- GOAL OF THE EXERCISE
In the data below, retype exactly the line that contains "1923: Stosstruppen marching" and every line after it, through the last.

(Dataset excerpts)

○ ○ ○ ○ ○ ○ ○

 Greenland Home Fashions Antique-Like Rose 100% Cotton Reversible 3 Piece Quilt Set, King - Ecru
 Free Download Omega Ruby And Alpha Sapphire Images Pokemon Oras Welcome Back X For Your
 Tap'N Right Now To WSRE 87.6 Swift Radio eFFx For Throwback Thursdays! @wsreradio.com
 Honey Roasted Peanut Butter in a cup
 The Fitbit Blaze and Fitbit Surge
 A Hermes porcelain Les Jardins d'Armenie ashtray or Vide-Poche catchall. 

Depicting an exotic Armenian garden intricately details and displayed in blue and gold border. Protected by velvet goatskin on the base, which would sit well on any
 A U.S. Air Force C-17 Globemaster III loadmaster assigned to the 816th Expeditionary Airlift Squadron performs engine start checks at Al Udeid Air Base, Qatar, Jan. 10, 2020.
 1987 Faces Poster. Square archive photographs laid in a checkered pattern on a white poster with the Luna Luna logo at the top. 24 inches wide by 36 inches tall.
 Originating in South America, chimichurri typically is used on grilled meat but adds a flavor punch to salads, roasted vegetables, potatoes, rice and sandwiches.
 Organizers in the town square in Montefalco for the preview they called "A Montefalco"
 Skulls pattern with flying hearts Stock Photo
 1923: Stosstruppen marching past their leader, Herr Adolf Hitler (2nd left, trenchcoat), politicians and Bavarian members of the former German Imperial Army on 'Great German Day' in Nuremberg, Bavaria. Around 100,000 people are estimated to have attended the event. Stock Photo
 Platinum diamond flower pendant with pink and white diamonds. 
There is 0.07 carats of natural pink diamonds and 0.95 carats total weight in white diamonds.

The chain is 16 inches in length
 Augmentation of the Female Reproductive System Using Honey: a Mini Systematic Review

○ ○ ○ ○ ○ ○ ○

- ANSWER SECTION
 1923: Stosstruppen marching past their leader, Herr Adolf Hitler (2nd left, trenchcoat), politicians and Bavarian members of the former German Imperial Army on 'Great German Day' in Nuremberg, Bavaria. Around 100,000 people are estimated to have attended the event. Stock Photo
 Platinum diamond flower pendant with pink and white diamonds. 
There is 0.07 carats of natural pink diamonds and 0.95 carats total weight in white diamonds.

The chain is 16 inches in length
 Augmentation of the Female Reproductive System Using Honey: a Mini Systematic Review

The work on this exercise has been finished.